• [Exercise goal]
Drop the pictures and restate the rest of the listing word for word.

• [Available data]
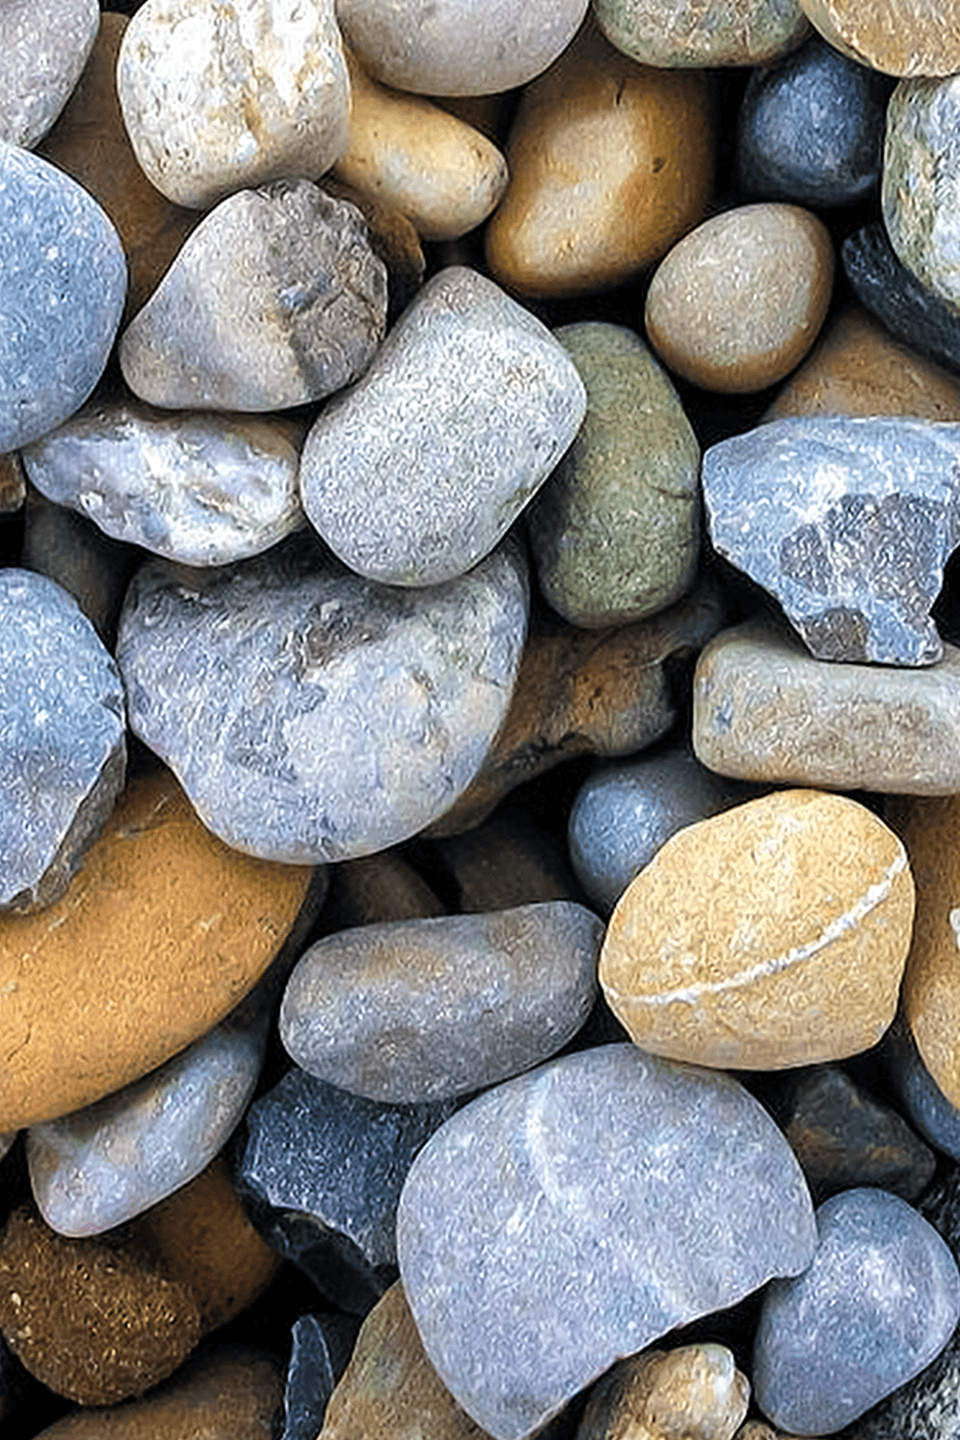 Colourful Pebble Stones iPhone Wallpaper HD - iPhone Wallpapers
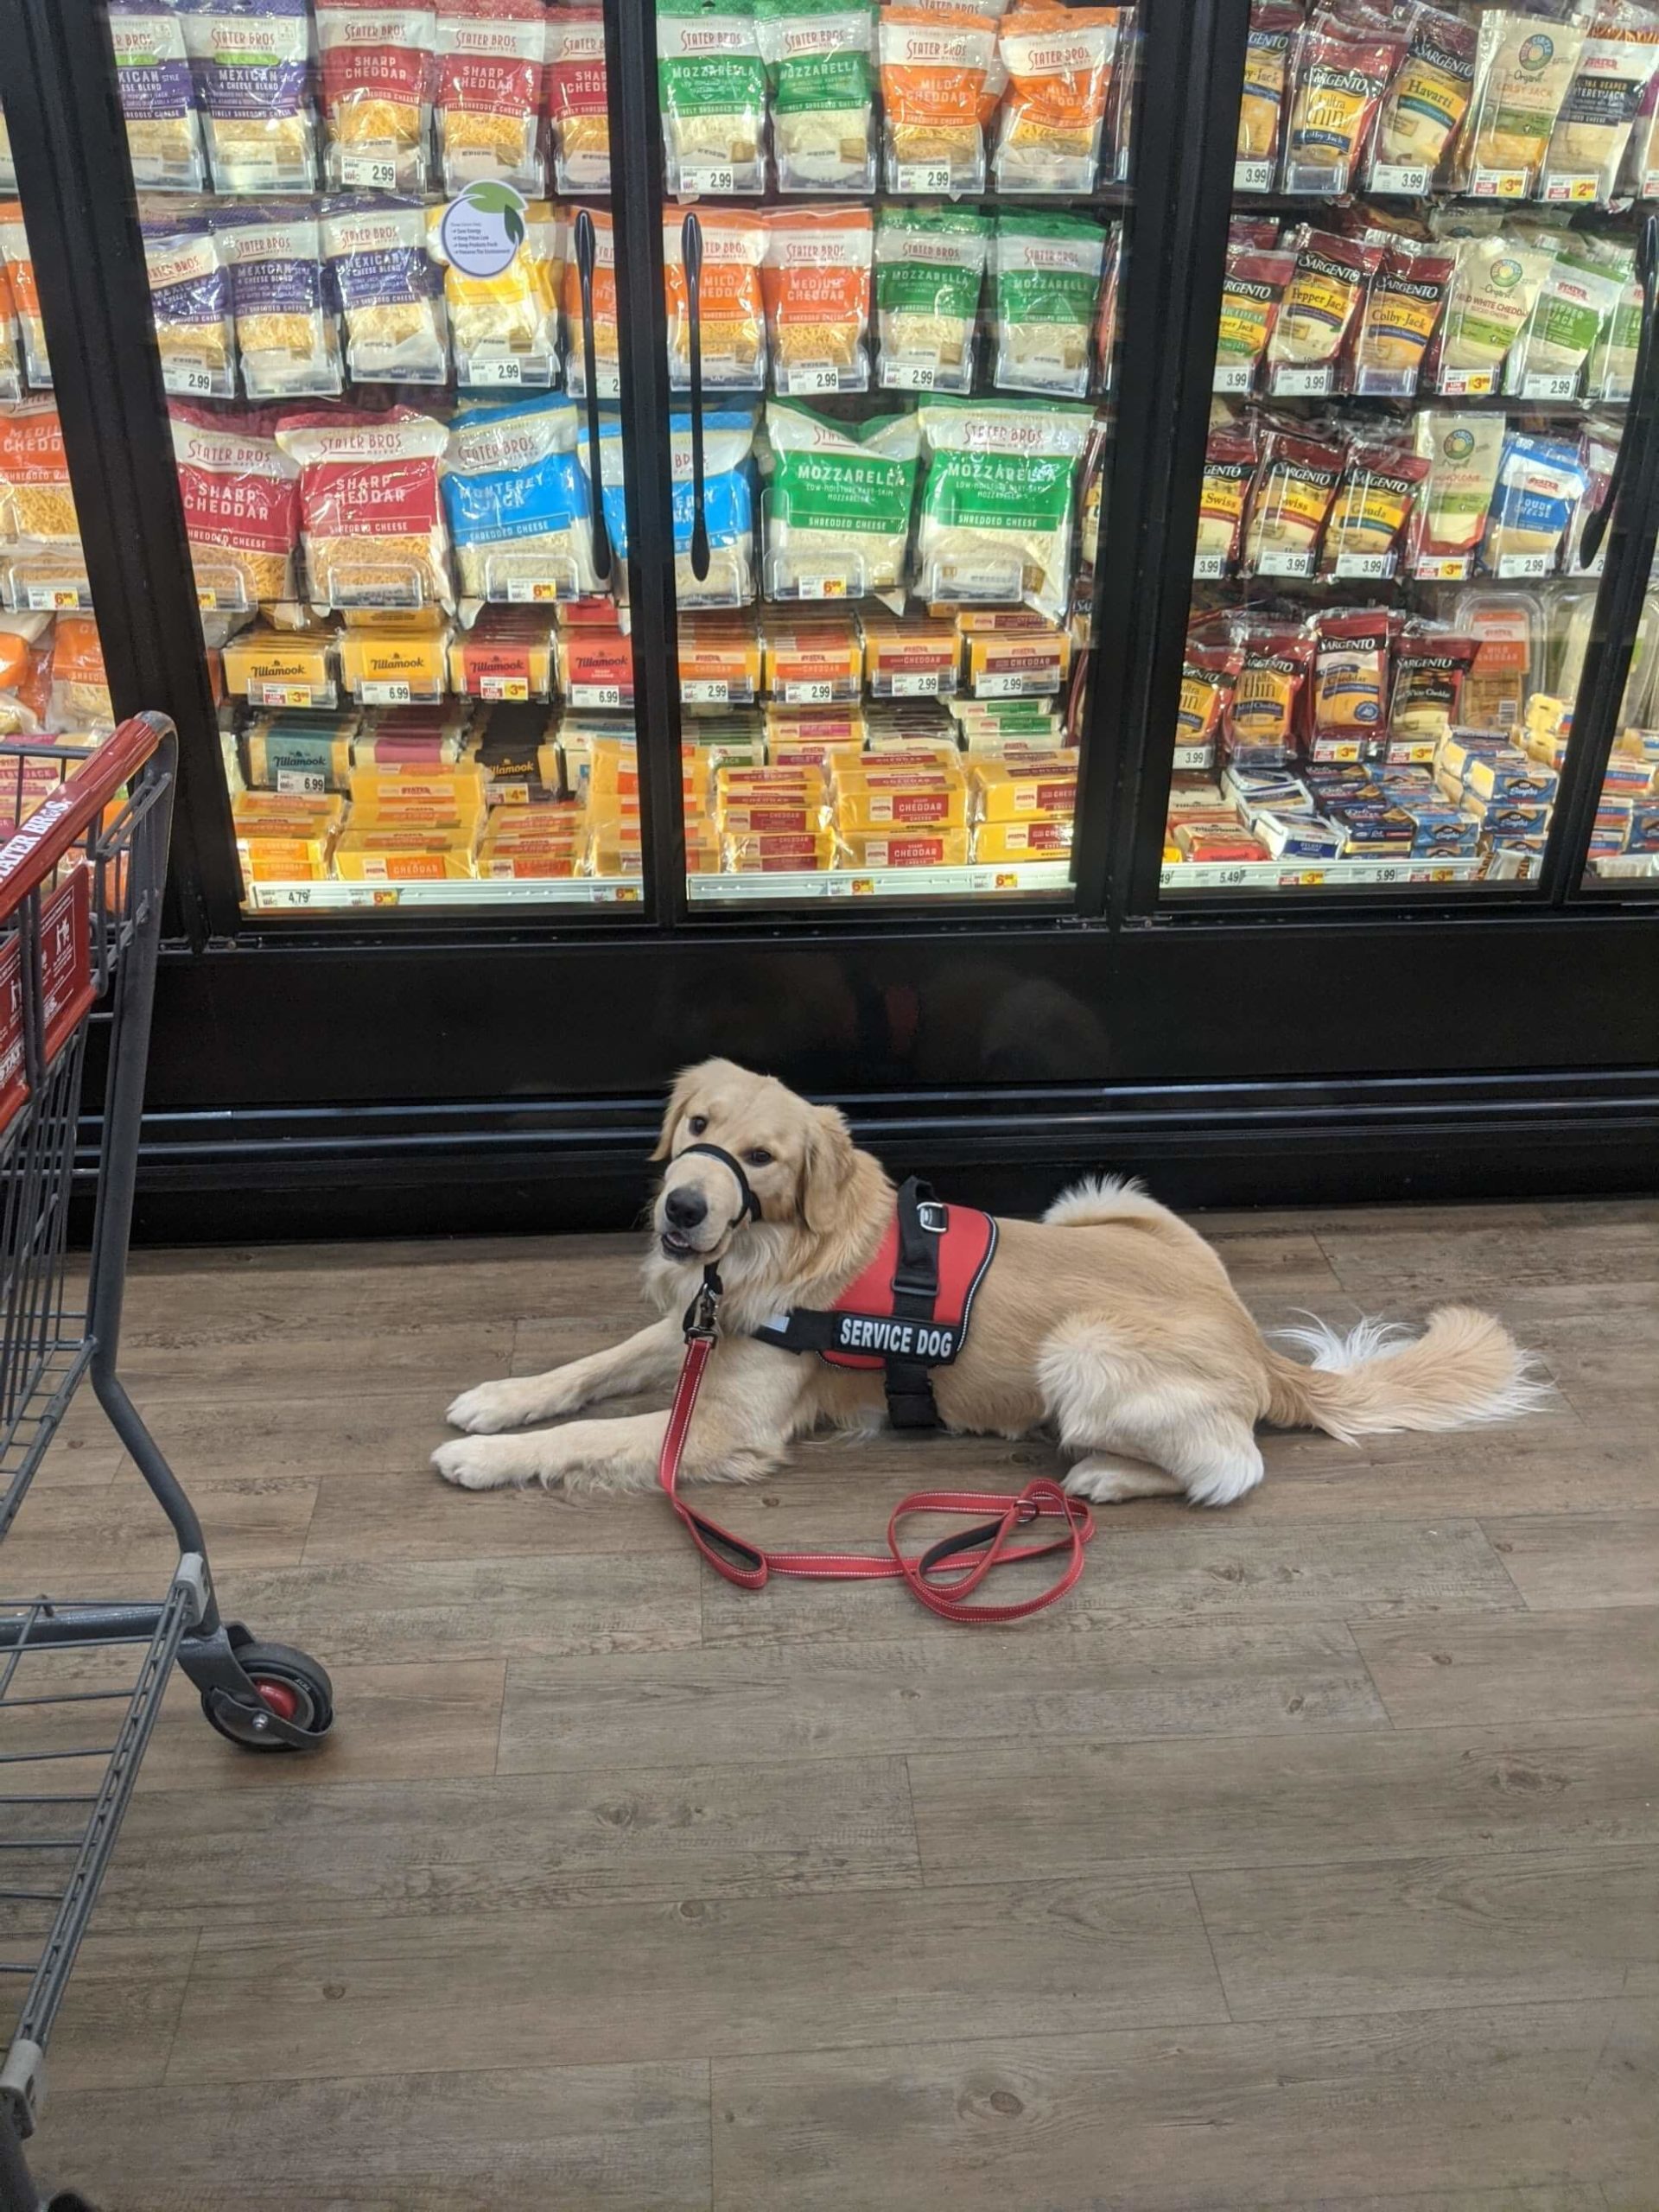 service dog in grocery store
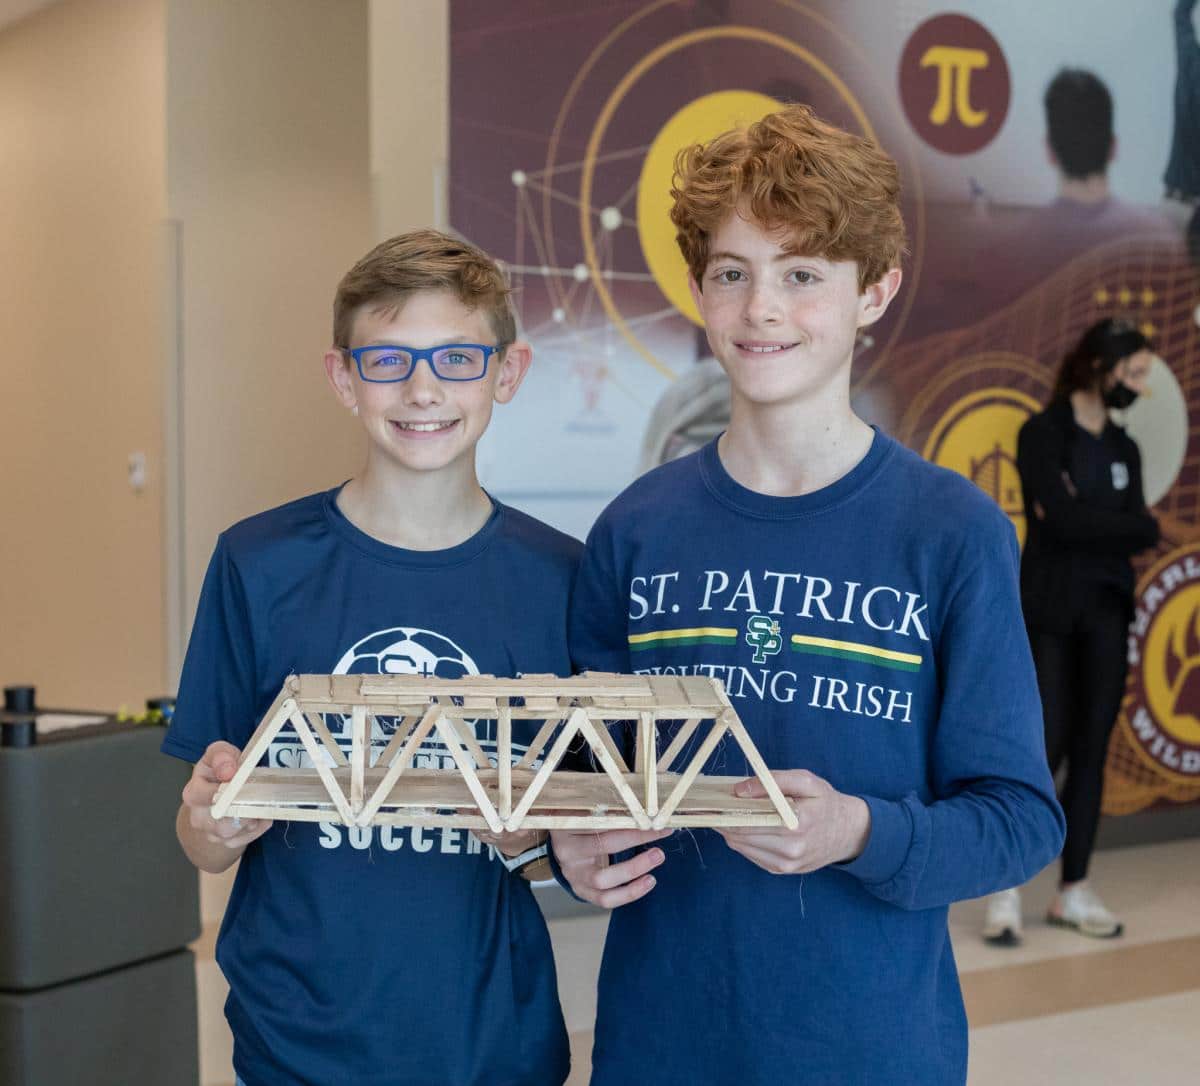 David Merrel and Connor McElroy from St. Patrick team with their bridge

• [Response area]
 Colourful Pebble Stones iPhone Wallpaper HD - iPhone Wallpapers
 service dog in grocery store
 David Merrel and Connor McElroy from St. Patrick team with their bridge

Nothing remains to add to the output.